Observation of asymmetric line shapes in precision microwave spectroscopy of the positronium $2{}^{3}S_1\to 2{}^{3}P_J$ ($J=1,2$) fine-structure intervals

We report new measurements of the positronium (Ps) $2{}^{3}S_1\to 2{}^{3}P_J$ fine-structure intervals, ${\nu }_J$ ($J=0,1,2$). In the experiments, Ps atoms, optically excited to the radiatively metastable $2{}^{3}S_1$ level, flew through microwave radiation fields tuned to drive transitions to the short-lived $2{}^{3}P_J$ levels, which were detected via the time spectrum of subsequent ground-state Ps annihilation radiation. Both the ${\nu }_1$ and ${\nu }_2$ line shapes were found to be asymmetric, which, in the absence of a complete line-shape model, prevents accurate determination of these fine-structure intervals.
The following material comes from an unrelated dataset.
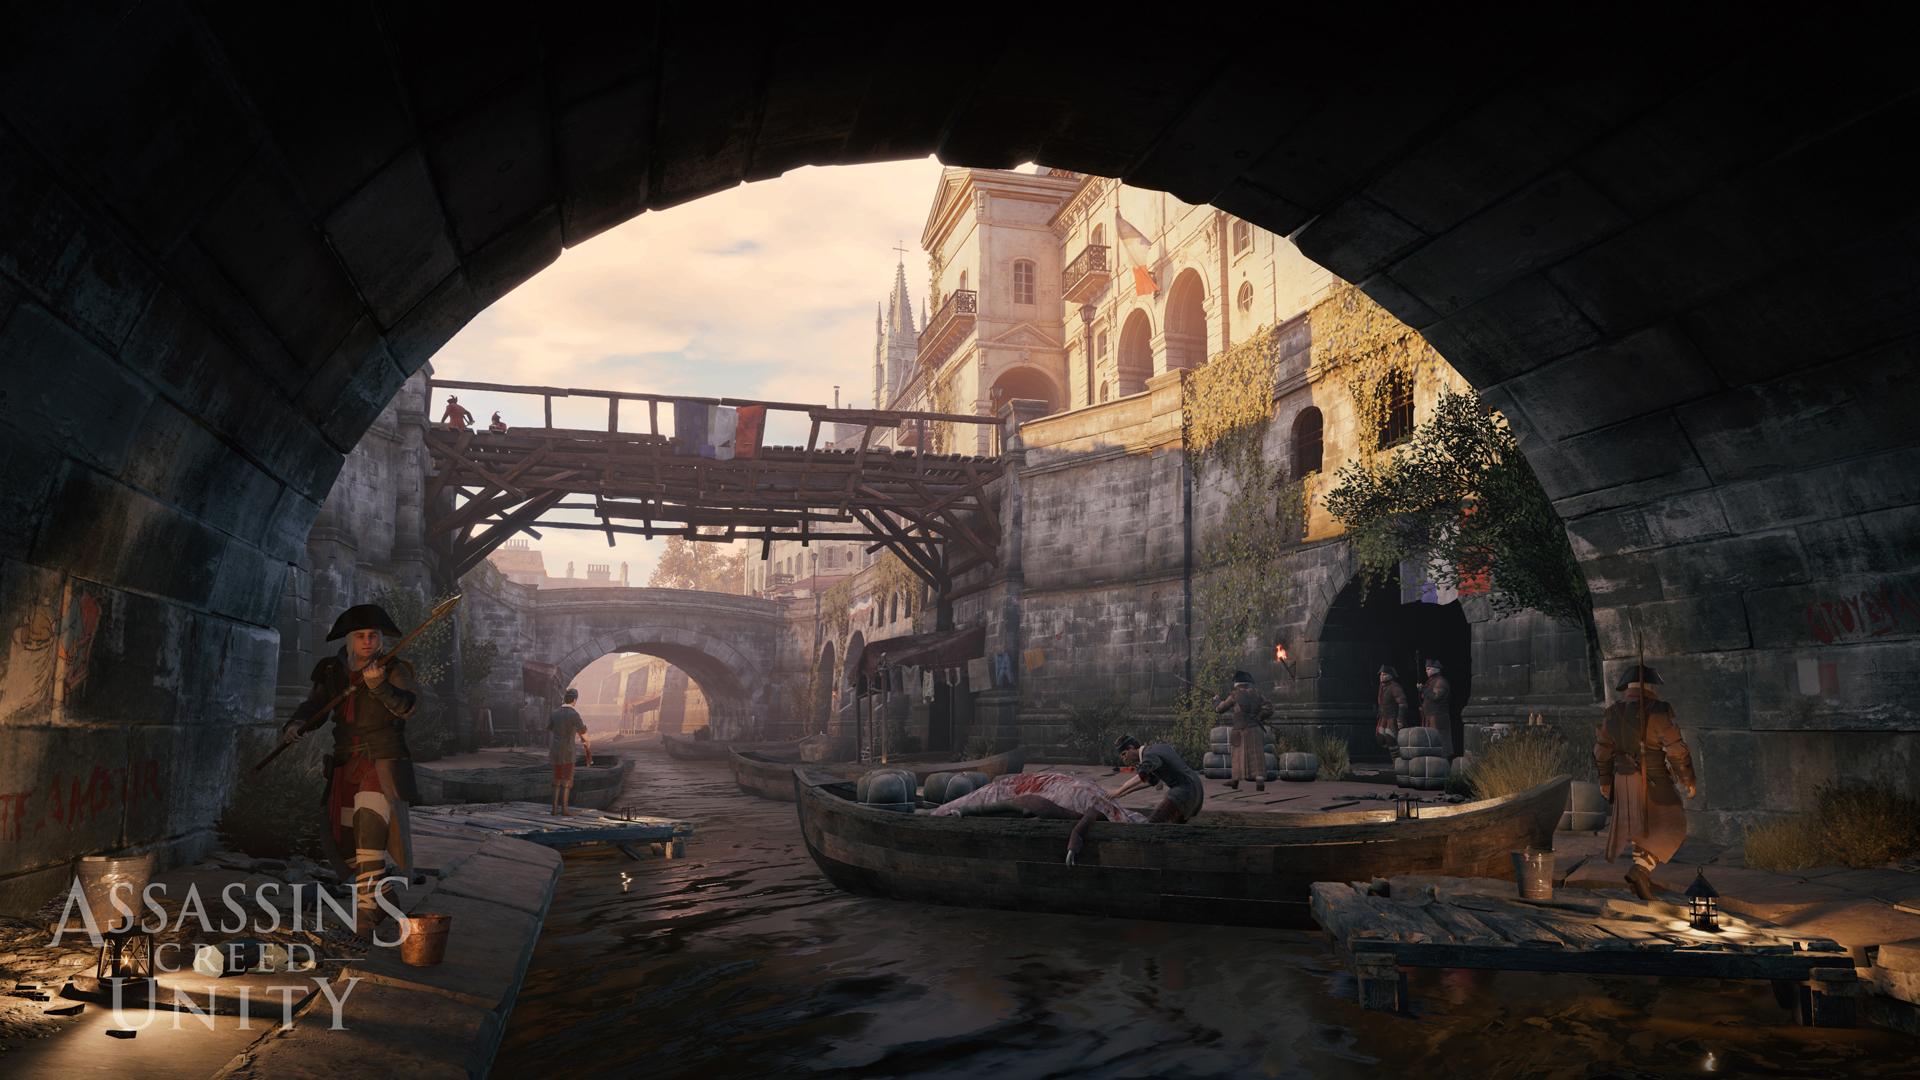 [FIXO] Assassin's Creed Unity Assassin%27s_Creed_Unity_District_IleDeLaCity_166323

Conversely, the ${\nu }_0$ line shape did not exhibit any significant asymmetry; the observed interval, however, was found to disagree with QED theory by 4.2 standard deviations.

Figure 1

Energy level diagram of the $n=1$ and 2 levels in positronium. The energies of the $O\left(m{\alpha }^2\right)$ (Bohr) levels are indicted by the dashed horizontal lines. The calculated transition frequencies for the $n=1$ hyperfine interval (${\nu }_{\mathrm{HFS}}$) and the $2{}^{3}S_1\to 2{}^{3}P_J$ ($J=0,1,2$) intervals (${\nu }_J$) are also shown [15]. Radiative or annihilation lifetimes for all levels are also indicated, according to the primary decay mode.

Figure 2

Schematic of the Ps target, UV laser, and a WR-75 microwave guide with microwave radiation off resonance (a) and on resonance (b). A potential of $-3.5$ kV was applied to the target electrode ($V_T$) to control the beam implantation energy. The angular distribution selection in the $x$ direction due to the UV laser bandwidth is also shown. (c) The placement of the four LYSO detectors around the target chamber with respect to the position of the waveguide.

Figure 3

Zeeman structure of Ps in the $2{}^{3}S_1(M_J$) and $2{}^{3}P_{J=0,1,2}(M_J$) levels relative to the $n=2$ Bohr [i.e., $O\left(m{\alpha }^2\right)]$ level. The arrows represent the allowed $\mathrm{\Delta }{M}_J=0$ transitions to the $2{}^{3}P_J$ states. Note the different energy scales of the various sections in this figure.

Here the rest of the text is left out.